Flimsy Intruder quite timely
On the surface, Deon Taylor’s The Intruder is nothing more than a home invasion thriller akin to Pacific Heights and Unlawful Entry, thrillers from the ‘90s in which yuppie landlords were terrorized by tenants or trespassers who were the basis for Benjamin Franklin’s old adage about guests and fish. Yet, coming as it does midway through the Trump presidency, there’s a disturbing subtext here that puts the mindset of a certain threatened segment of our society in the spotlight.
Scott and Annie Russell (Michael Ealy and Megan Good) are a young, successful African-American couple who have a bright future ahead of them. He’s a successful advertising executive, she’s a freelance writer and together they hope to move away from San Francisco and start a family. They think they’ve found the perfect place in Napa Valley, a country mansion that sits on a wooded estate that radiates old world charm. Widower Charlie Peck (Dennis Quaid) is lonely and rambling about this vast place and is quite taken with the young couple, so much so he agrees to sell to them after their initial meeting. Scott has his reservations about the arrangement but Annie loves the house and before you know it, they’re moving in. Problem is, Peck has a hard time moving on and before they know it, he’s showing up unannounced to cut the grass, or make a repair or drop off some wine or just come by on the flimsiest pretense.

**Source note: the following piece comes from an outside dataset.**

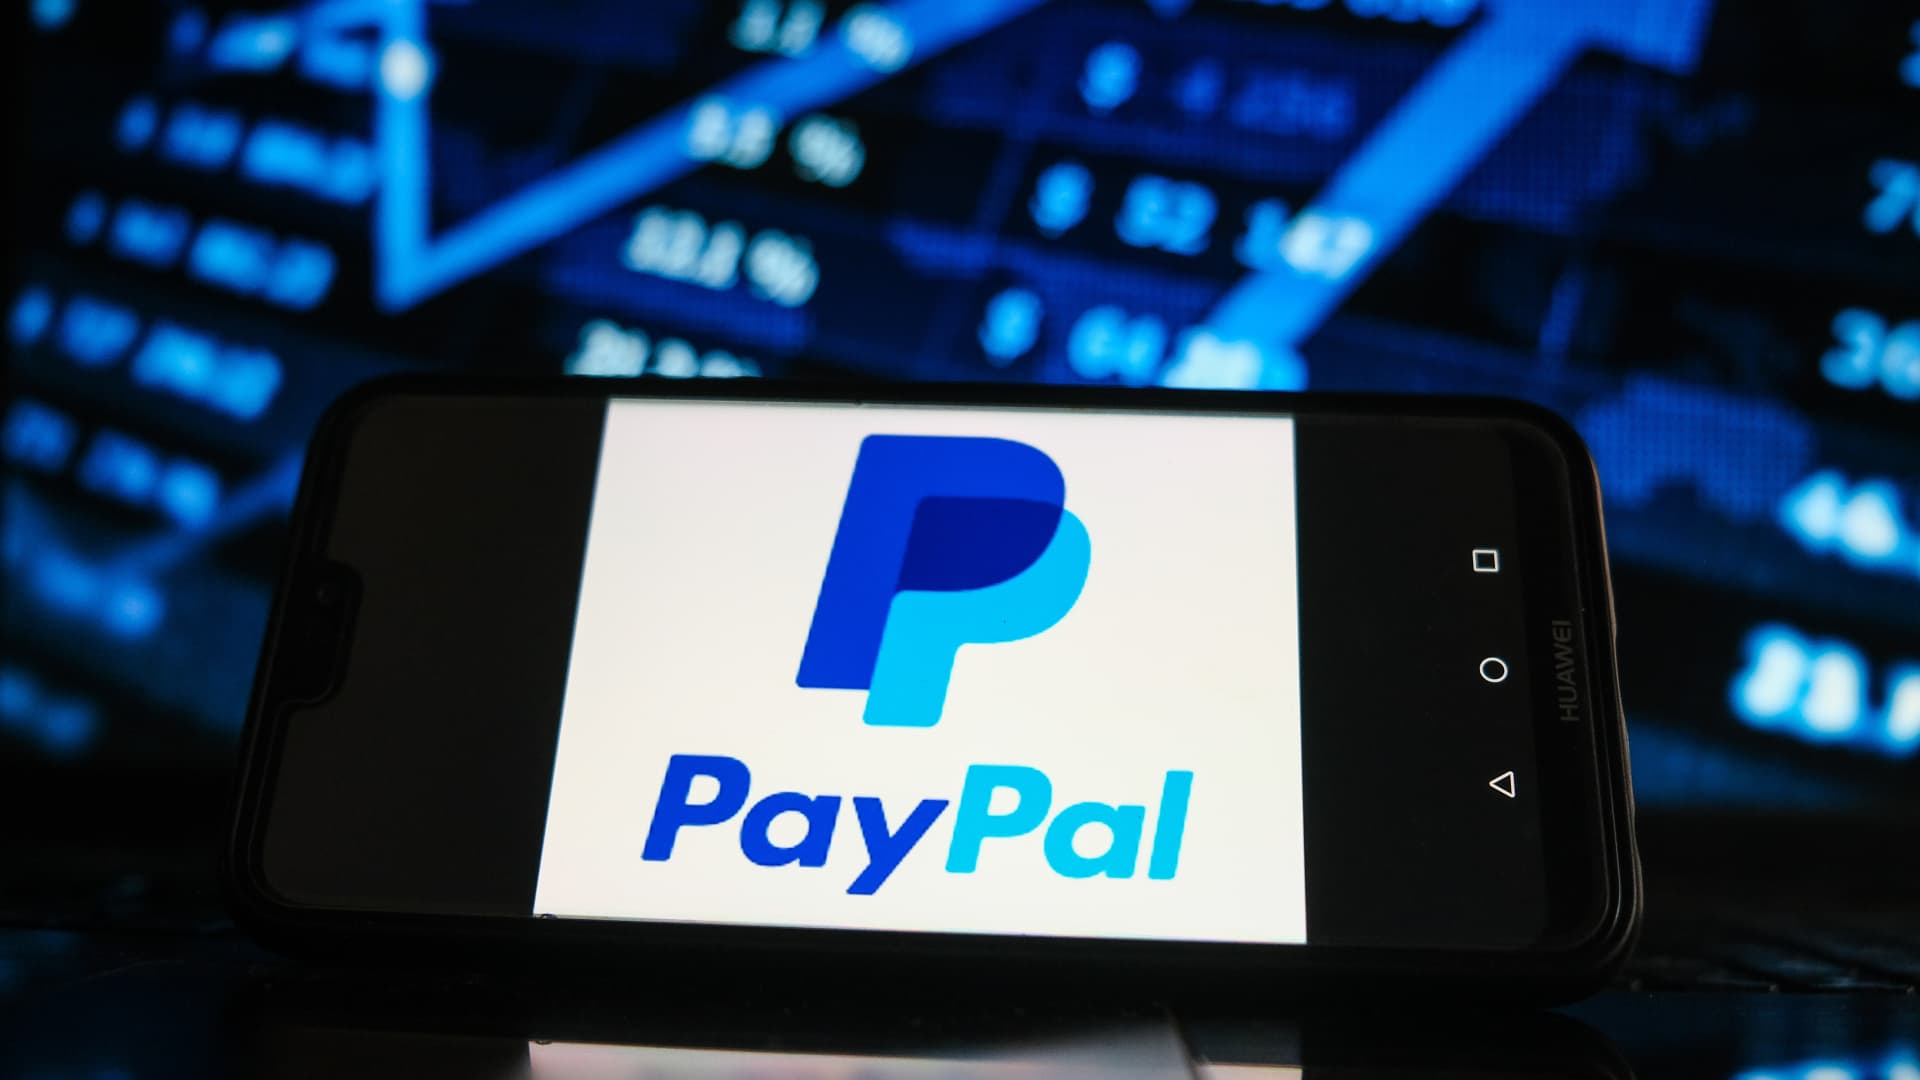 The PayPal logo displayed on a smartphone screen with a stock market graphic in the background.

It’s written by David Loughery, whose resume includes Lakeview Terrace (2008) and Obsessed (2009), indicating he specializes in paranoid thrillers. The film proceeds as expected – Peck’s visits become more frequent, the Russells become more terrified and there is nary a surprise to be had. (Correction – there is one surprise, and it’s a pretty good one.) Taylor is unable to bring any sense of style or energy to the affair and the story simply plods along to its predictable conclusion.
However, there’s some pointed social commentary along the way that will cause the attentive viewer to perk up and take notice now and again. Peck proves to be the very model of the conservative, older white male. He’s a gun owner, his family’s wealth was accumulated through grit and hard work, he takes great pride in “his” property and is described by Annie as a “manly man,” which her husband is not. It’s also no accident that the character wears a red baseball cap from time to time. Like so many who are resistant to social change and can give no rational or cogent argument against it, Peck does all he can to hang on to what is his, resorting to violence when necessary, justifying his actions as his right. Those who watch the nightly news will be more than familiar with men of this ilk. That he sexually assaults Annie at one point makes this character all the more reprehensible.
Credit Quaid with driving this home with a combination of his trademark charm and a bit of the psychotic which has been lurking beneath his persona for years. Overly familiar throughout, he single-handedly builds a sense of unease that blossoms into a terrifying portrayal of a lost man fueled by a dangerous sense of righteousness. In this, The Intruder is spot on regarding the current state of mind of MAGA-lovers everywhere. Too bad this timely message is lost in a throwaway movie.